For the tutorial we used a simple approach. We take an additional list of labels, for which we use false as precondition. This approach is sound because {false}l->ls{Q} always holds. If we want different precondition per exit-point we can now compute

  • P1=WP(l1, {l2}, {l3}, I and c), which uses the initial triple {false}l3->{l2}{I and c} and generates the contract {P1}l1->{l2}{I and c}, and
  • P2=WP(l1, {l3}, {l2}, I and not c), which uses the initial triple {false}l2->{l3}{I and not c} and generates the contract {P2}l1->{l3}{I and not c}

A benefit of this approach is that it can also be used to speed up analysis of dead code, since it simply propagates false along paths that we do not want to analyse.

guancio avatar May 29 '19 12:05 guancio

We could generalize this approach, by allowing the WP procedure to take a list of initial contracts: WP(l, ls, thms, Q), where each theorem in thms is a contract {P}l1->ls{Q}.

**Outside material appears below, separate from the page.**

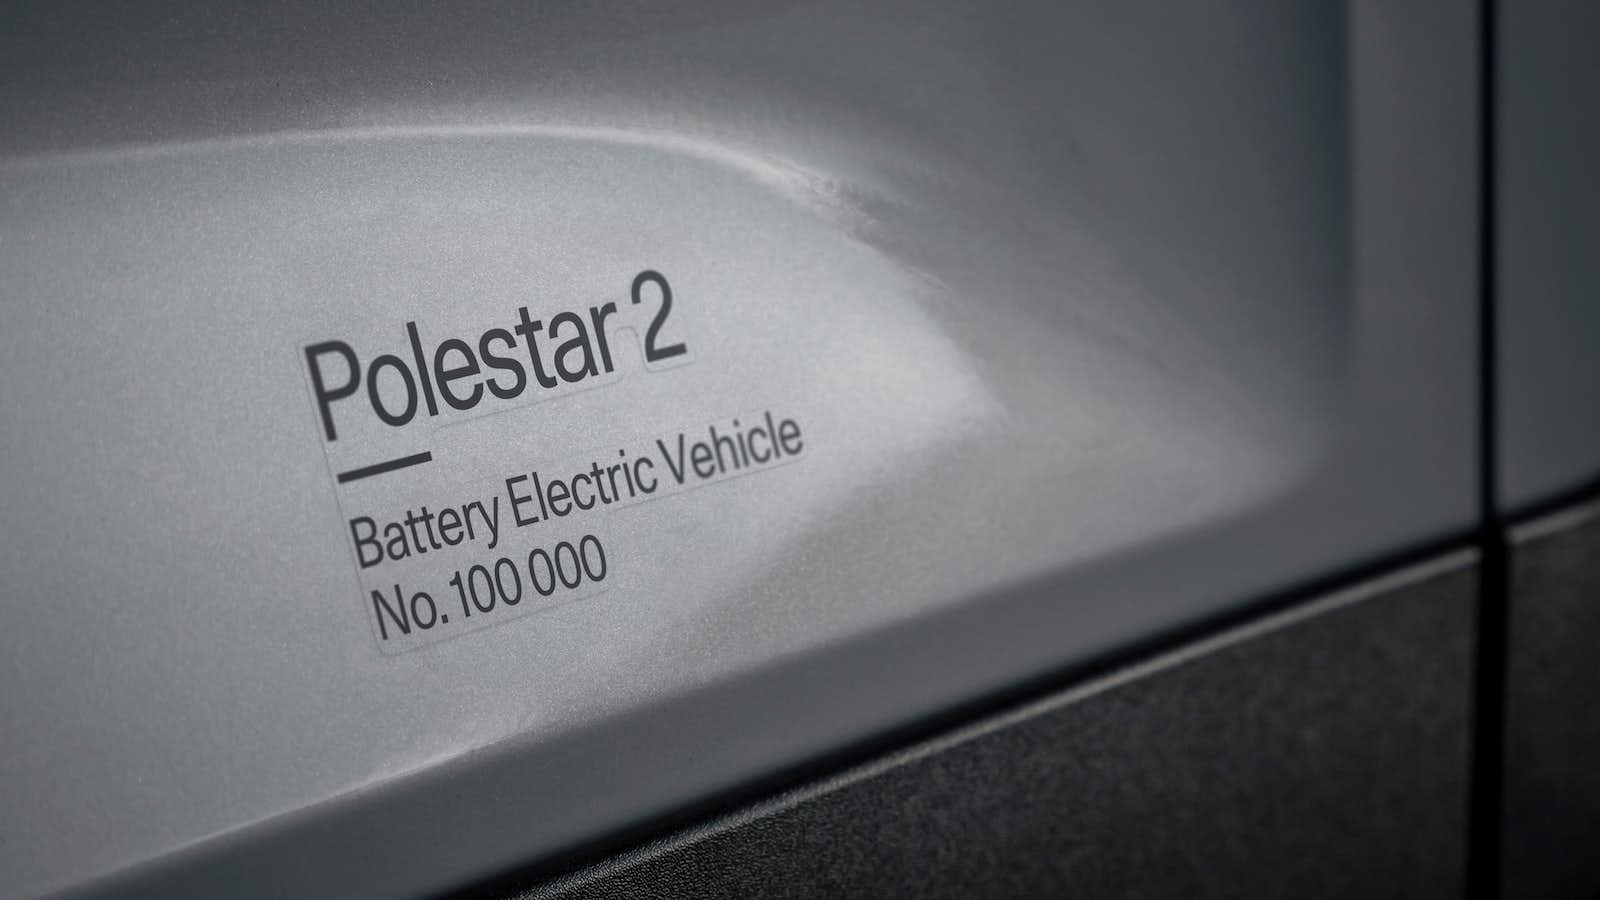 In our industry, there’s a lot of talk about 0-100. Sure, speed can be thrilling when driving, but speed in delivering potential climate solutions is what actually matters. And speaking of which, Polestar 2 went from 0-100,000 in only 2.5 years.

guancio avatar May 29 '19 12:05 guancio

An alternative approach is to change the definition of the triple, allowing to specify different postcondition for different exit points. E.g {P}l1[l2->Q, l3->Q', etc]. This approach could make sense for the general Hoare triple, but it does not simplifiy the work for the wp algorithm. In fact, except very few exceptions this approach will force us to repeat the work for each postcondition. In this case it is easier to just generate several contracts, with the other approach.

guancio avatar May 29 '19 13:05 guancio

In fact, except very few exceptions this approach will force us to repeat the work for each postcondition.

Can you elaborate on this point? I don't see why this wouldn't work or would complicate the WP propagation procedure.

For {P} l1 -> {l2, l3, etc} [l2 |-> Q, l3 |-> Q', etc] I also see advantages when producing HT for functions having early returns for error handling (for example), where you don't want to impose too strong postconditions in those exit points.

totorigolo avatar May 29 '19 20:05 totorigolo

A benefit of this approach is that it can also be used to speed up analysis of dead code, since it simply propagates false along paths that we do not want to analyse.

Yes, it could do this, however the current version doesn't actually do this. Right now everything after (in order of concrete execution) the False-triple block is generated as usual, then just thrown away by the analysis. If we want to continue with this approach we mustn't forget to implement the time-saving tricks that are made possible by introducing the False-triple.